My favorite childhood classic, reimagined for those of us with food allergies. This is a creamy, tangy, rich and dreamy dessert, and easy to make! The recipe is after the video. A note from Naomi: I do these videos (including buying the ingredients) out of pocket as a volunteer service to our company. When you watch my video (even letting it play in the background, while you do something else) and share it, you help me qualify to earn a small amount from Youtube, which helps offset my costs. Thank you so much for supporting me, supporting you!

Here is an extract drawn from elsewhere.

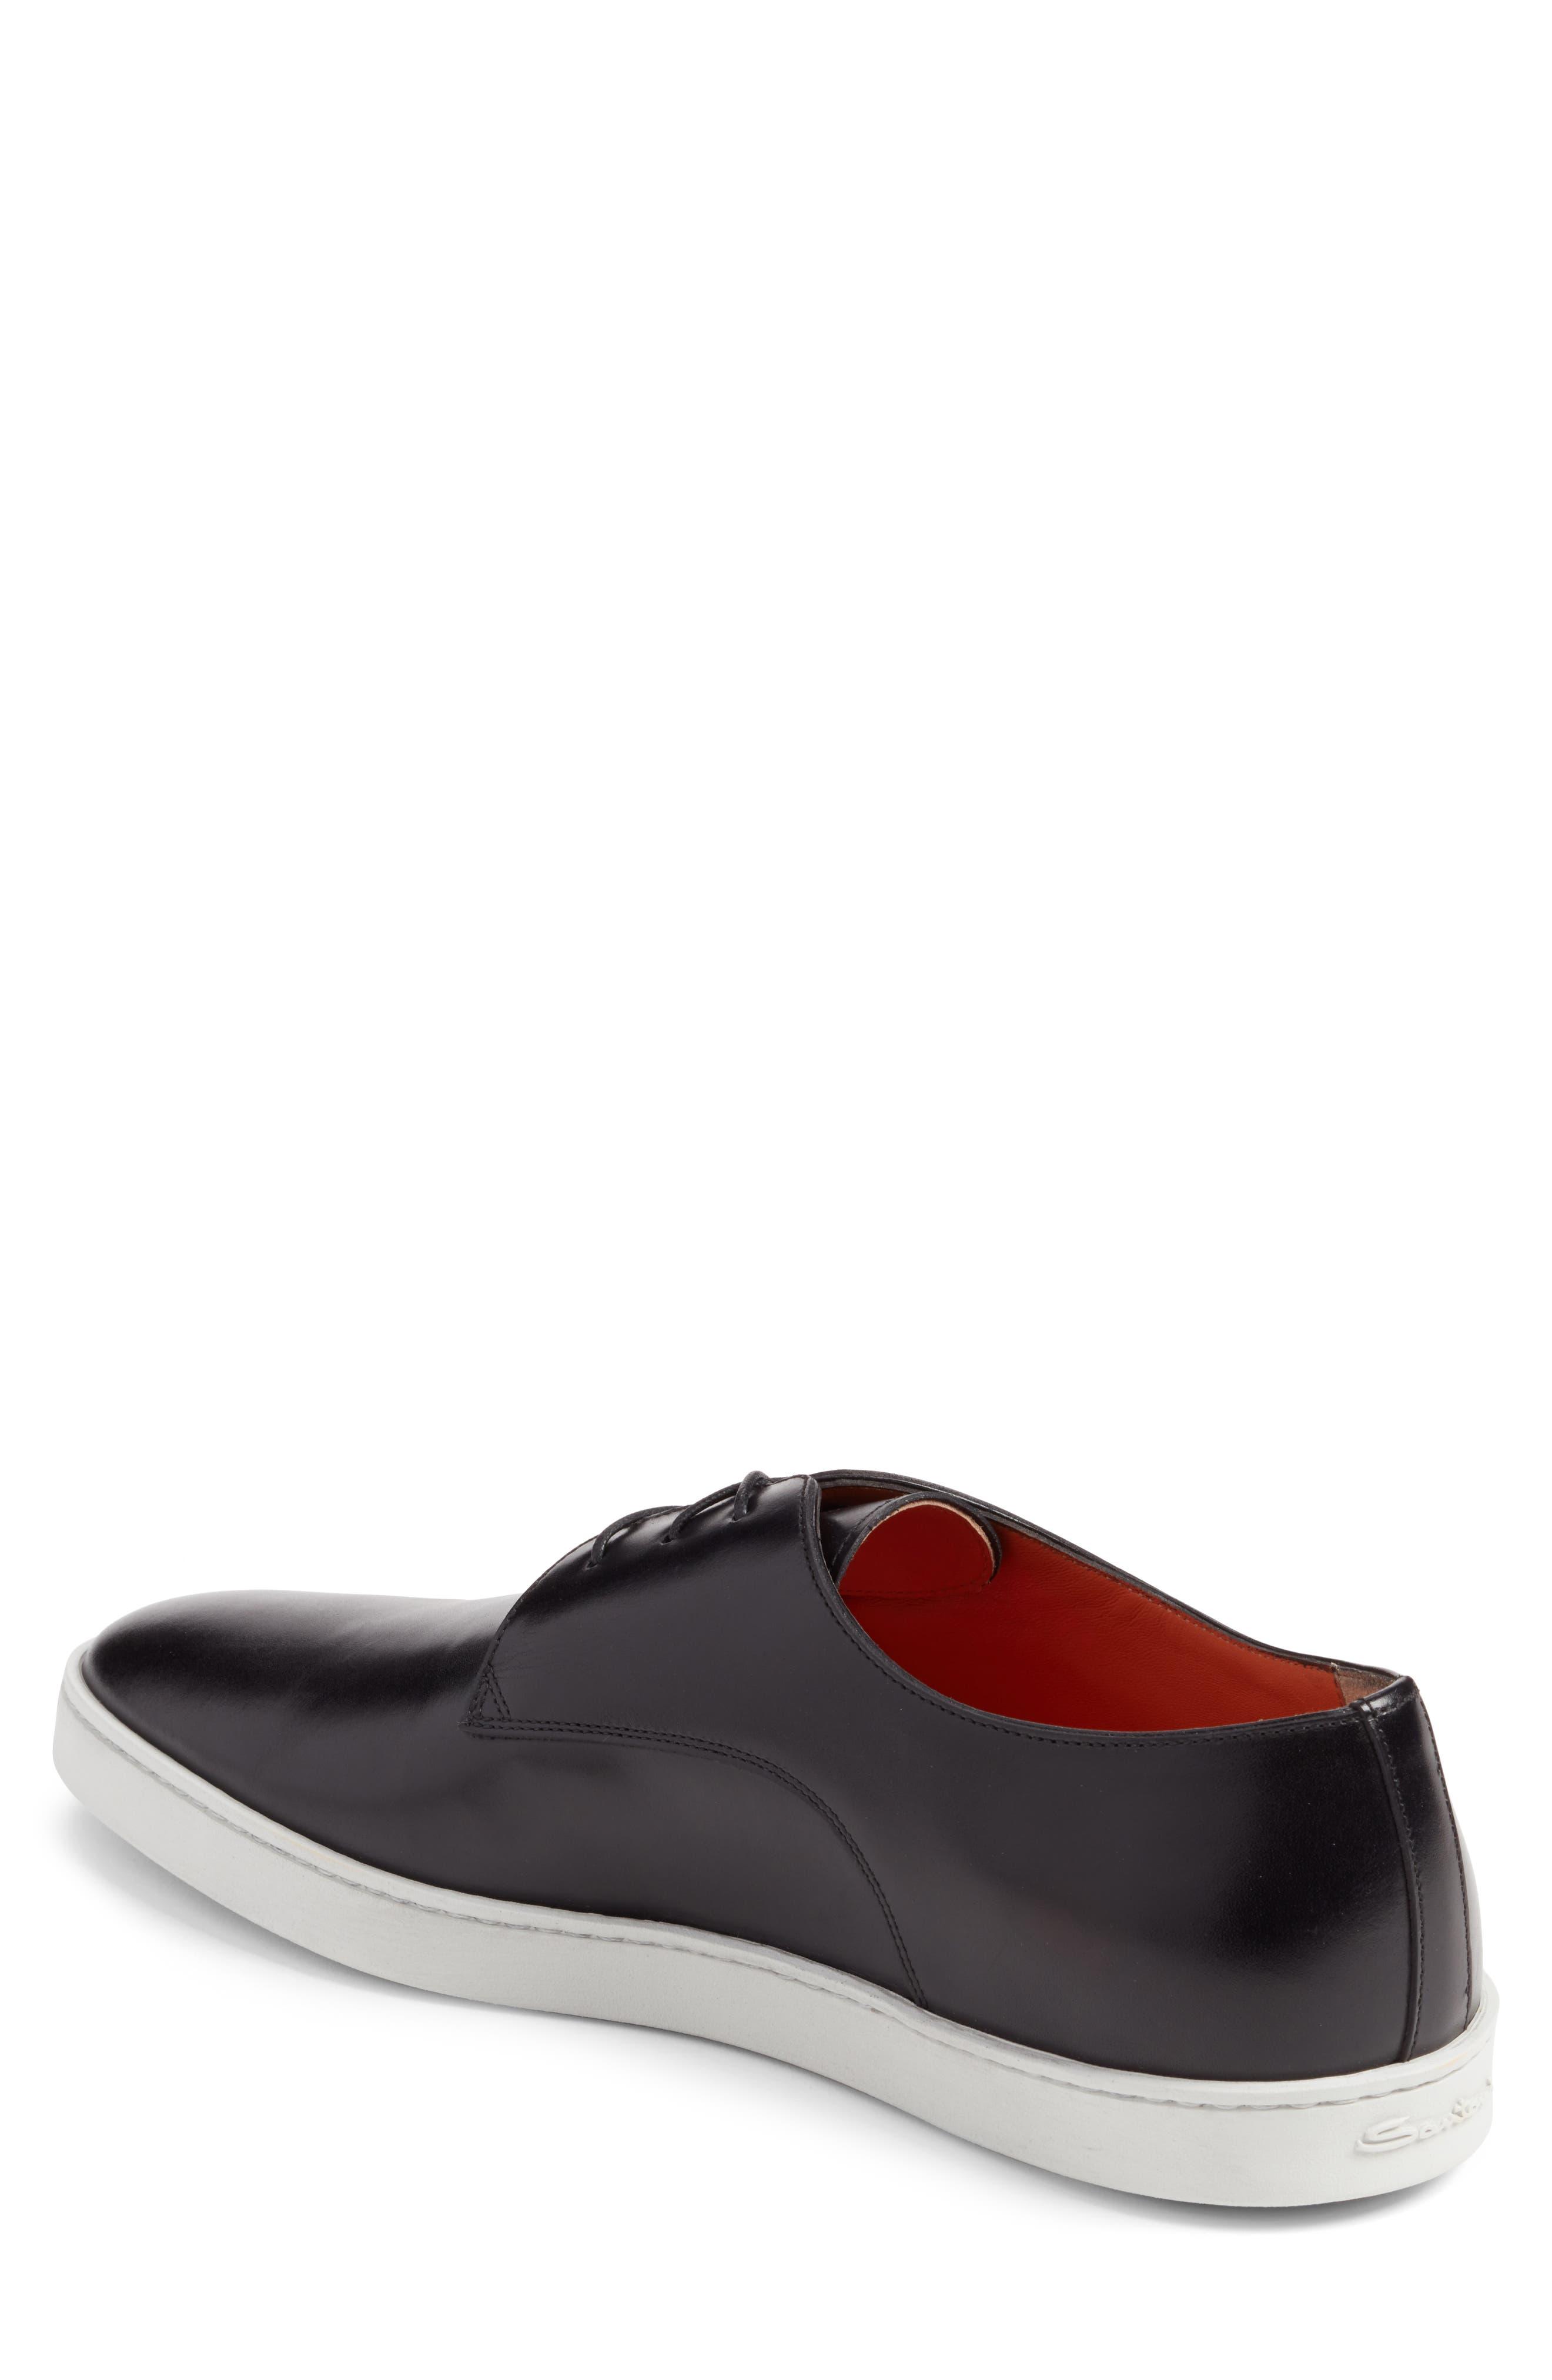 SANTONI, Doyle Sneaker, Alternate thumbnail 2, color, BLACK LEATHER

Servings 24 Prep Time 10 Cook Time 30


CAKE 1 box Better Batter Gluten Free Chocolate Cake Mix, prepared with either the eggs/oil/water instructions OR the bean/water instructions from the box OPTIONAL: 1/2 c extra oil (use only if desired and only if using the bean variation) CHEESECAKE 1- 2 packages (8-16 oz) cream cheese, goat cheese etc. (we have not found a good vegan cream cheese that works in this): If using aquafaba, you should use the full 16 tbsp 1 egg, beaten OR 1/4 c aquafaba 1/3 c sugar 1/8 tsp salt 1/2 c mini chocolate chips


Preheat oven to 375. Line 24 muffin tins with papers Prepare cake batter according to box instructions. If using bean instructions add up to 1/2 c oil if desired. Set aside. Beat together the egg or aquafaba, cream cheese, sugar, and salt, until evenly mixed and fluffy. Stir in chocolate chips. In prepared muffin tins, spoon alternating chocolate cake batter and cheesecake filling as follows EITHER 2 tbsp chocolate batter, 1 tbsp cheesecake filling, 2 tbsp chocolate batter OR 4 tbsp chocolate batter and top with 1 tbsp cheesecake filling Bake for 30-35 minutes, or until puffed and cooked through. Allow to cool completely before serving. Refrigerate leftovers.